姬政疑惑不解,却又充满了期待,毕竟这面旗帜就仿佛就是自己阔别多年的家乡和那遥不可及的梦想。
会是谁呢?
与此同时,黄蕴也看到了那面旗帜。
这些日子,他始终甲不离身,就连睡觉的时候也身着轻甲。现在更是铁甲铜盔,紧握宝剑,看着那面旗帜,他心中疑惑不解。
黄蕴挠了挠脖子,使劲抓上面的红疹,虽然想不明白这旗子意味着什么,但他无心这些,此次出征什么结果对他来说并不重要,重要的只有自己的性命。于是,黄蕴对身边侍卫下令道:“这几日加强戒备,不管发生什么事情,都务必以本官的安保为第一要务!”
“喏!”众侍卫齐声应命。
说罢,黄蕴甩起披风,一头扎进自己营帐。
中军大营里,谈判依然在进行,萧摄狂妄而不屑,言辞咄咄逼人;姬尚始终堆着笑容,苦口婆心好言相劝;张循则冷眼旁观,少言寡词,心中盘算着利弊得失。
萧摄问道:“姬大人可曾见过鲁王?”
“还未曾见过,我刚一到鲁国就直奔将军这边来了,毕竟将军攻城在即,姬某生怕来迟啊。”
“那姬大人是想让我们放弃攻城的念头喽?”
“萧将军,您身经百战,必然知道攻城乃是最下之策,军士伤亡不计其数,百姓也难免惨遭涂炭,最后即便攻下城池,也只是夺下了一座破城罢啦。”
“但若不破城,又如何击败鲁国?”
“欸,萧将军,我这不是来了嘛?有什么事情,咱们都好商量嘛。”姬尚说罢,笑眯眯的看向张循。
萧摄冷笑道:“既然如此,姬大人不如就说说鲁王开出的条件吧。
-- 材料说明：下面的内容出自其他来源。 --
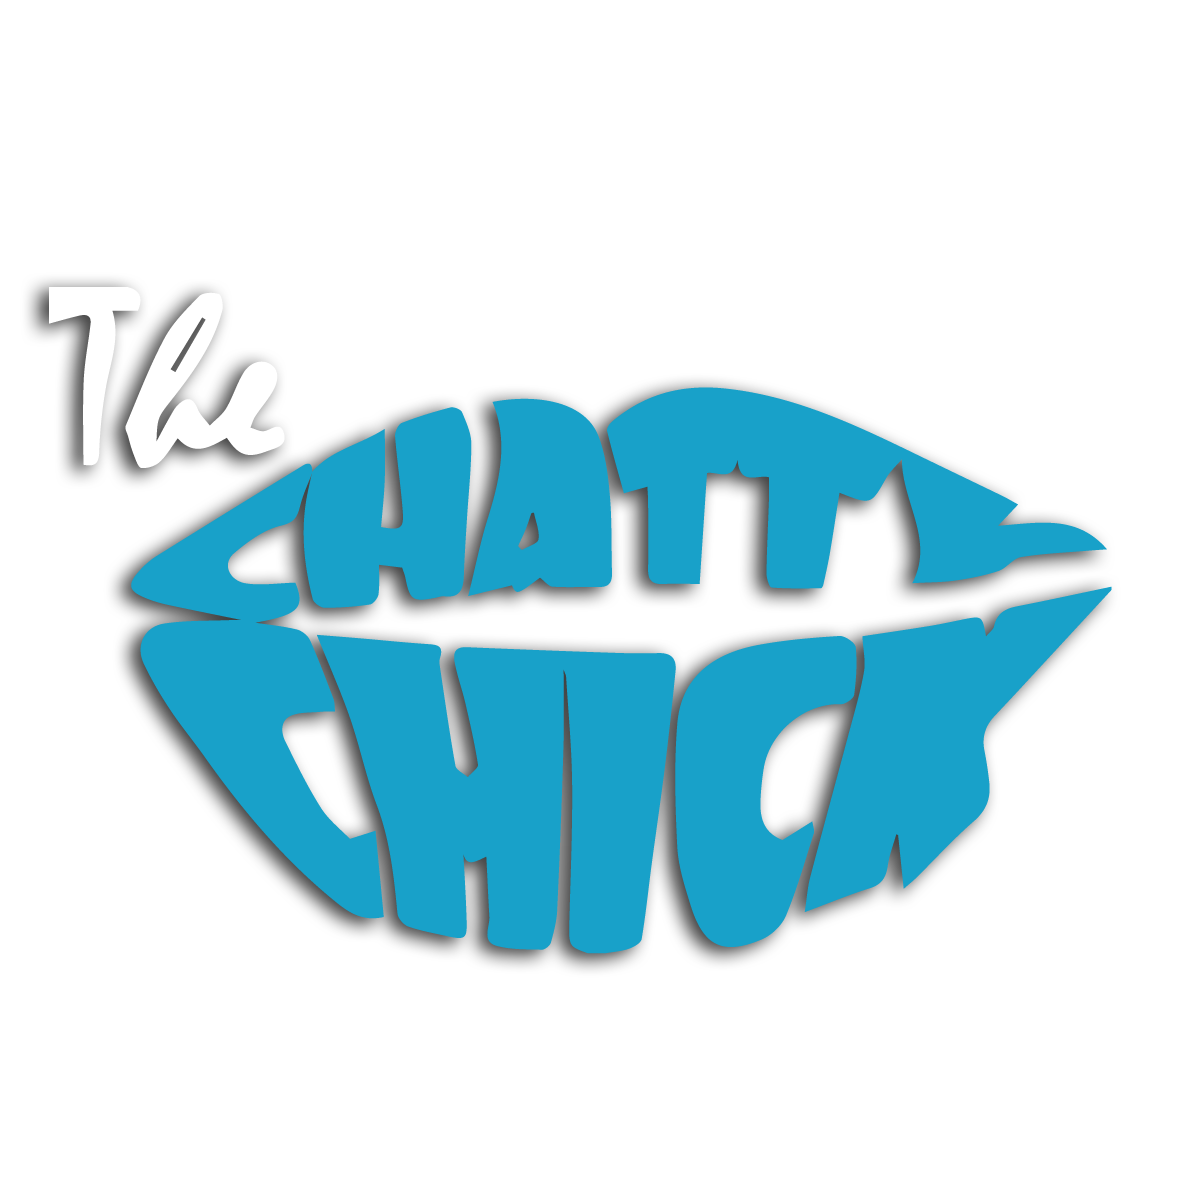 TheChattyChick

”
“嘿嘿,鲁王嘛,自然是想要和平解决眼下局面,他既然向天子请求调停,自然就是有诚意的。”
“姬大人在绕圈子。”
“我哪里是在绕什么圈子嘛,只不过,鲁王之前也只是派遣使者向天子请命,具体的条件嘛,鲁使也说不清楚。所以天子才派我来调停,也是希望我见机行事嘛。我怕来晚了这仗就已经打起来了,所以才先来跟张将军和萧将军谈谈,看看咱们有什么打算。然后呢,我就再去问问鲁王有什么想法,一趟谈不拢,我就城里城外多跑几趟,我多跑几趟没关系。但我相信啊,最后咱们总能谈妥,呵呵,费点事不要紧,拖得久点也没关系,总好过生灵涂炭吧。”
姬尚说了半天,最后转身向张循行礼道:“您说是不是呢,张将军?”
张循笑了笑,终于开口说道:“姬大人不辞辛劳也是为了黎民百姓,本将一样不愿意看到将士厮杀,百姓涂炭。更何况,天子有意和平,我等又怎能执意征战?”
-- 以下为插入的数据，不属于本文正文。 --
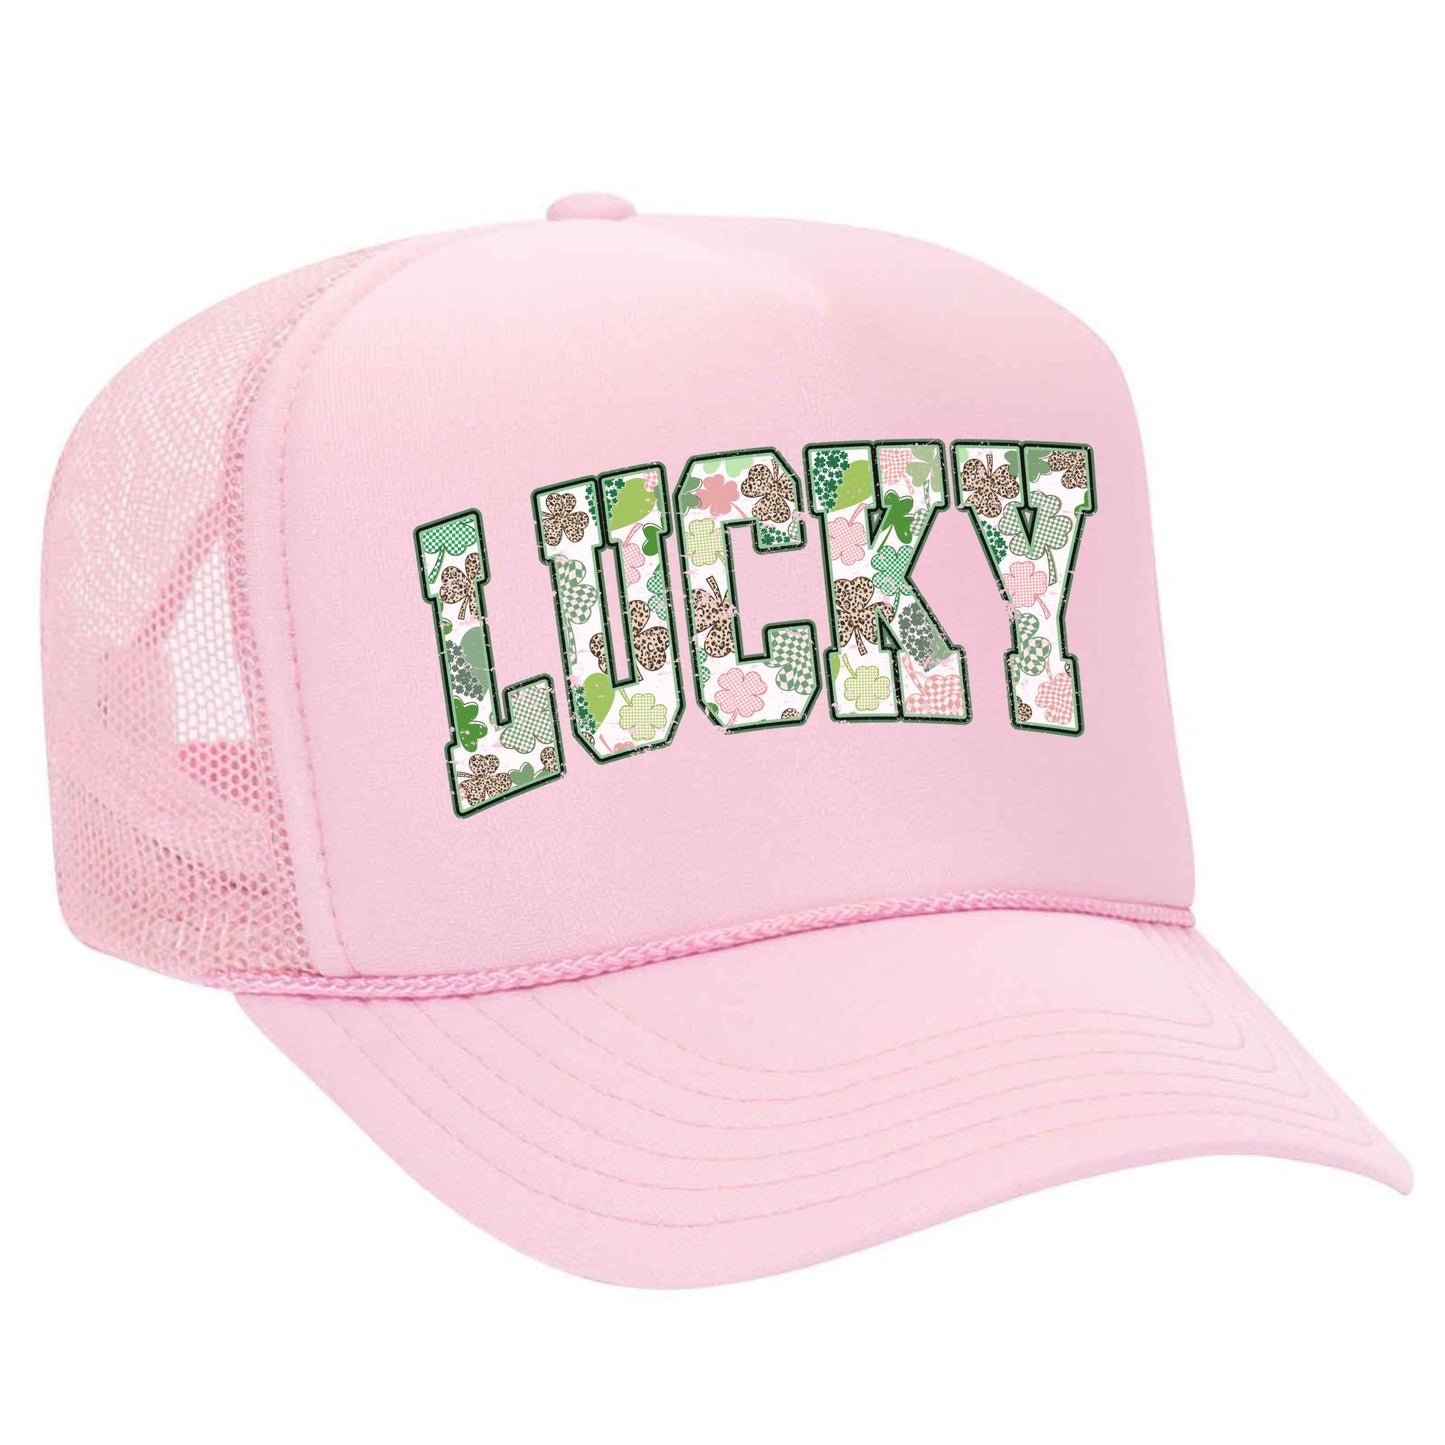 LUCKY Trucker Hats

“哎呀!张将军宅心仁厚,敬重天子,实在是天下人的表率啊!在下敬佩啊,敬佩。”
张循摆了摆手,继续说道:“既然如此,我倒是愿意跟鲁王谈谈,但要有个前提。”
姬尚一听这话,立即来了精神,急忙问道:“什么前提?张将军请讲。”
“鲁国必须解除与齐国的盟约,并与吴国订立同盟!”
“哦……哦……”姬尚不停点头,“这个嘛……这个好商量,呵呵,好商量,大家都是天子的子民,都是天子册封的诸侯国嘛,说起来,嘿嘿,都是同盟,都是,都是……我想鲁王会接受的。”
“好,那既然如此,就有劳姬大人前往鲁国跟鲁王谈一谈。”
“请张将军放心,姬某自当尽力而为!”
“呵呵,好,有劳!另外,本将略备酒宴,还请姬大人赏光。”
“哦,那便多谢,多谢了!”
晚上,中军大营里灯火辉煌,众人觥筹交错。
酒过三巡,张循起酒爵,笑道:“姬大人,如今这世道,像姬大人这般真心实意为百姓着想的士大夫可是不多了,来,我敬您。”
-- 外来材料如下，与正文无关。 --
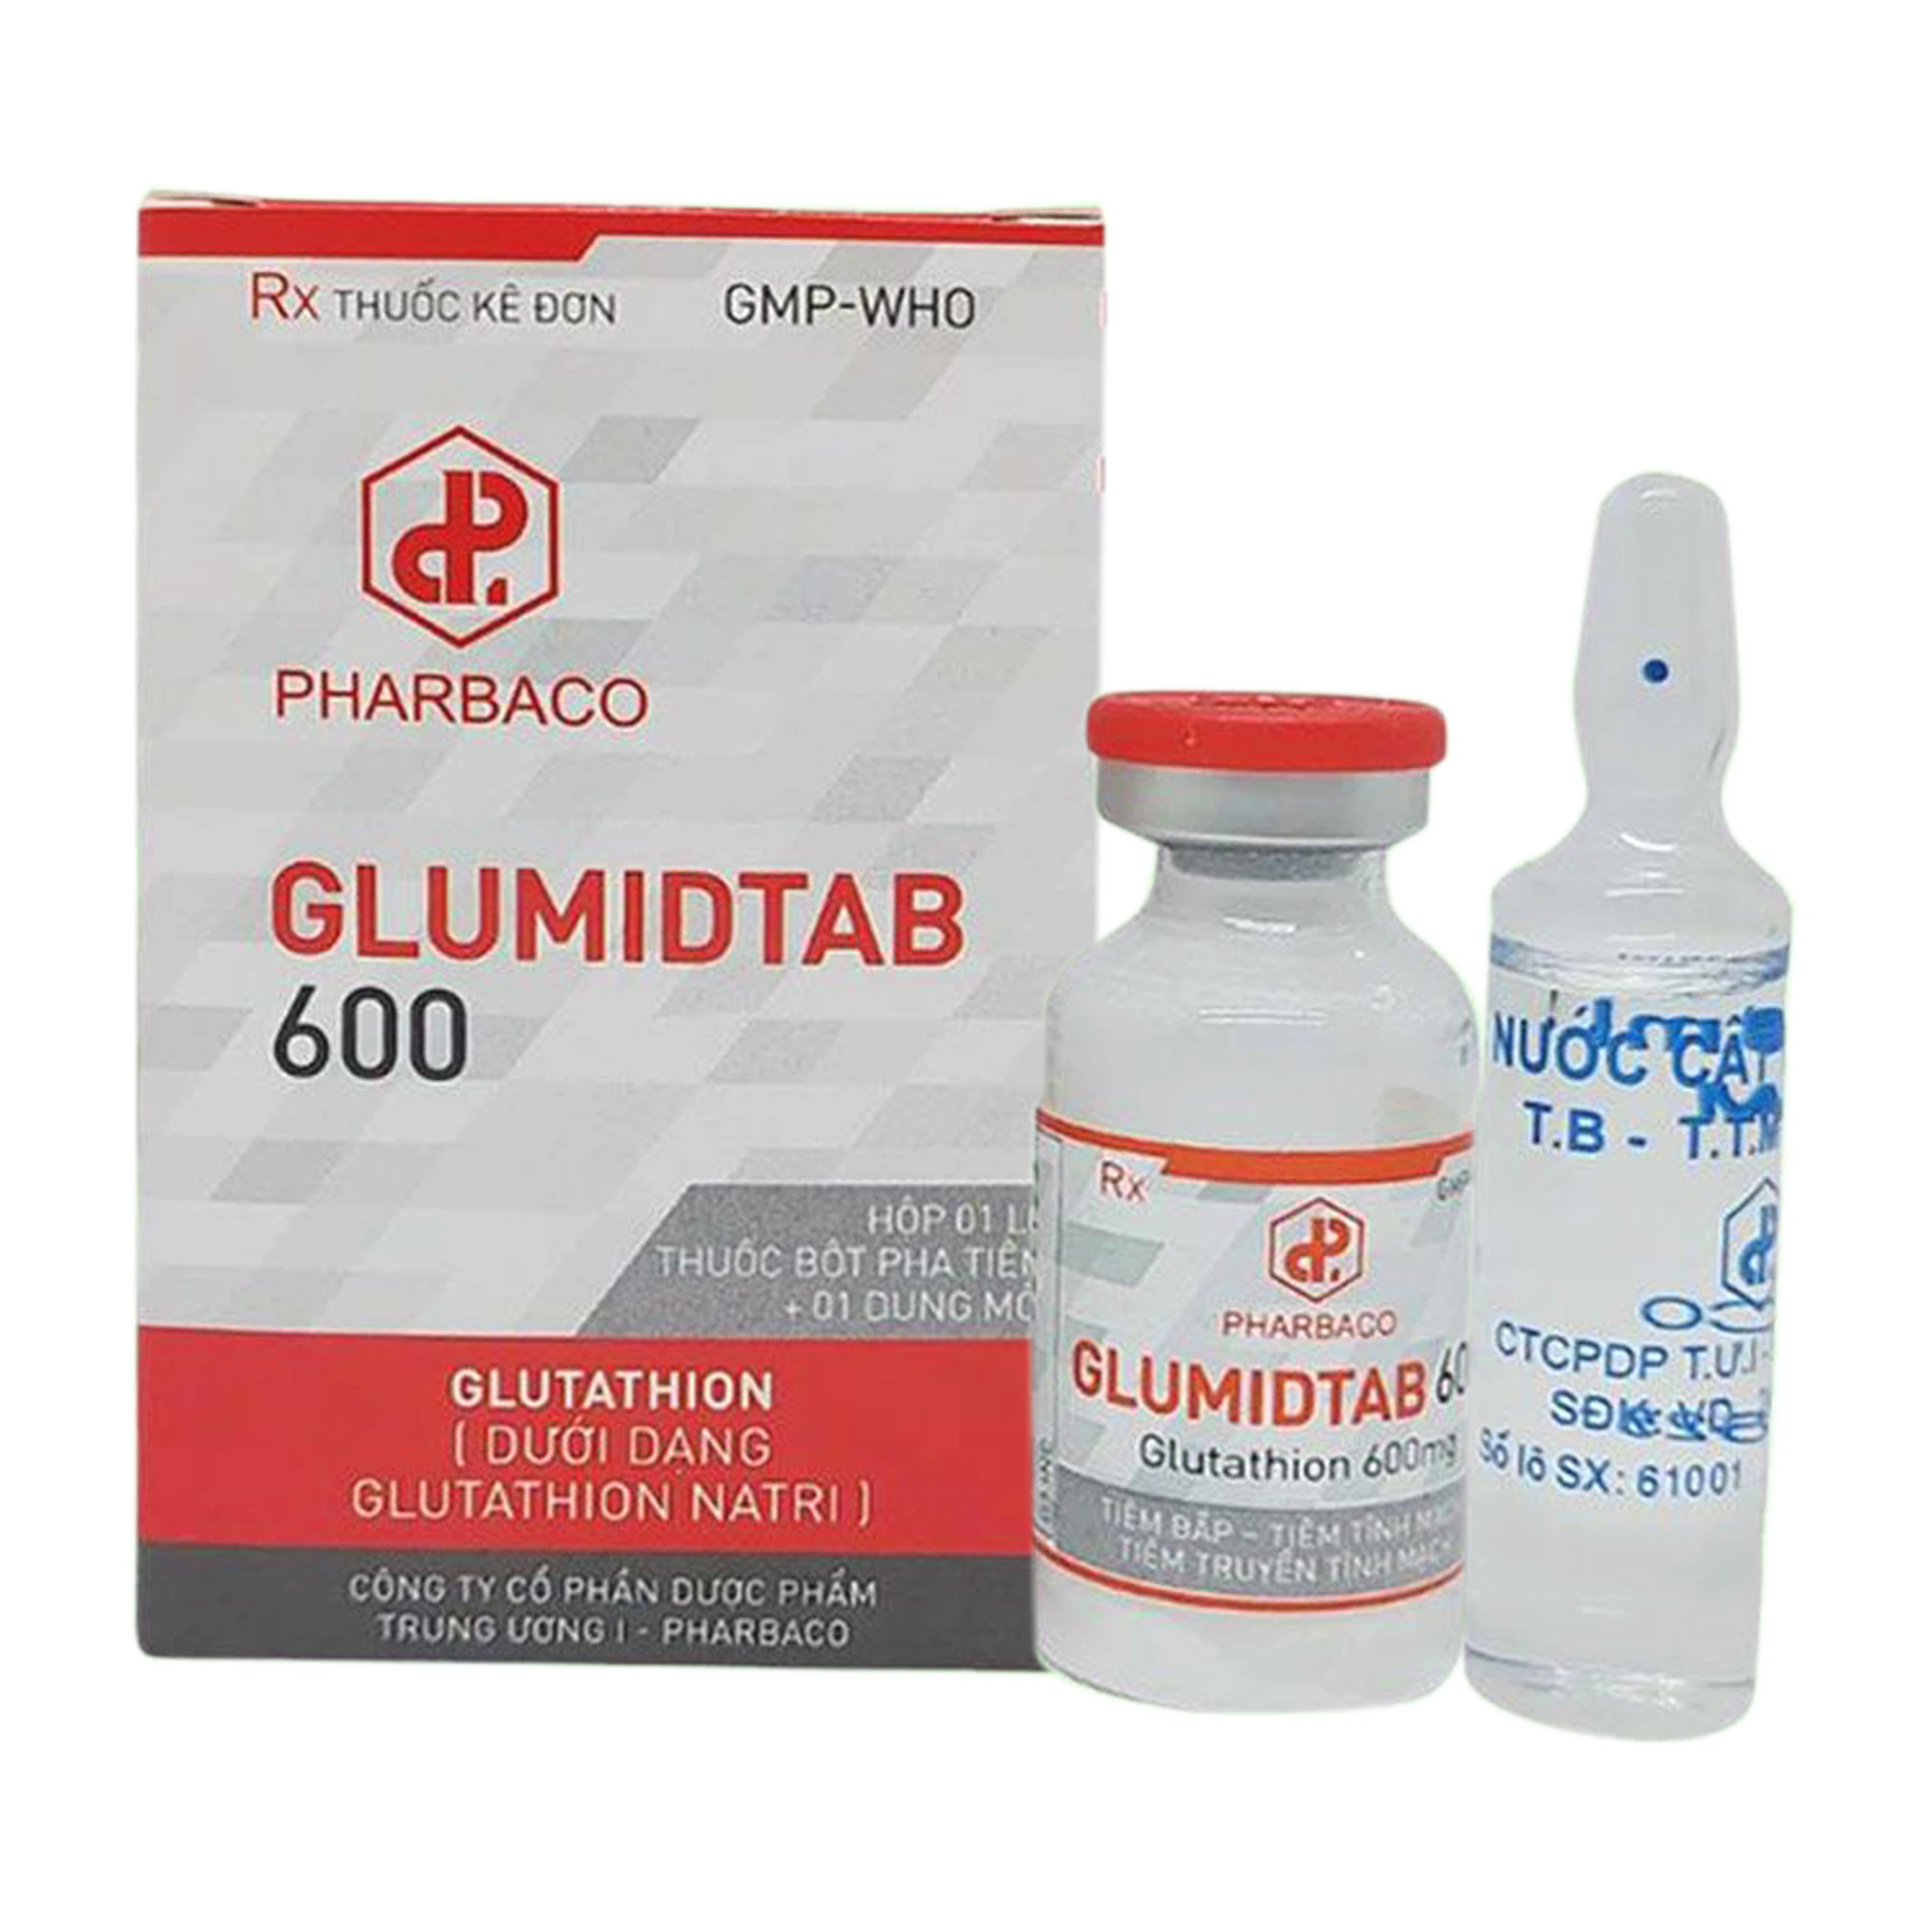 Bột pha tiêm và dung môi Glumidtab 600 Pharbaco hỗ trợ giảm độc tính trên thần kinh của xạ trị

姬尚连忙举起酒爵,回礼道:“若不是张将军宅心仁厚、慈悲为怀,这和谈就没有基础,姬某感谢张将军!”
“呵呵,来,诸位请同饮。”张循向座下众人示意,于是众人共同举起酒爵,尽饮爵中酒。
随后,众人纷纷向姬尚敬酒,姬尚很快喝得晕头转向,开始飘然起来,他举着酒爵对张循说道:“张将军!在下有一问,不知当不当说。”
“姬大人但说无妨。”
“呵呵,诸侯,嗝,强如吴国,呵呵,在其心中,天子居于何处?”
姬尚这话一出口,余兰和几个副将便对姬尚怒目而视,张循却只是摆手笑道:“强如吴国?姬大人岂不知这世间还有齐国、楚国、晋国,哪个不是强霸之主?吴国地处边陲,不过近年风调雨顺,百姓才勉强糊口,又怎能说是强大之国?再者,就连吴国的黄口小儿也知道,衣食之丰皆有赖于天子之赐,更何况,大王祭祀之时,皆是向西方——天子之地祈福请愿,由此来看,天子之重也算可见一斑了吧。”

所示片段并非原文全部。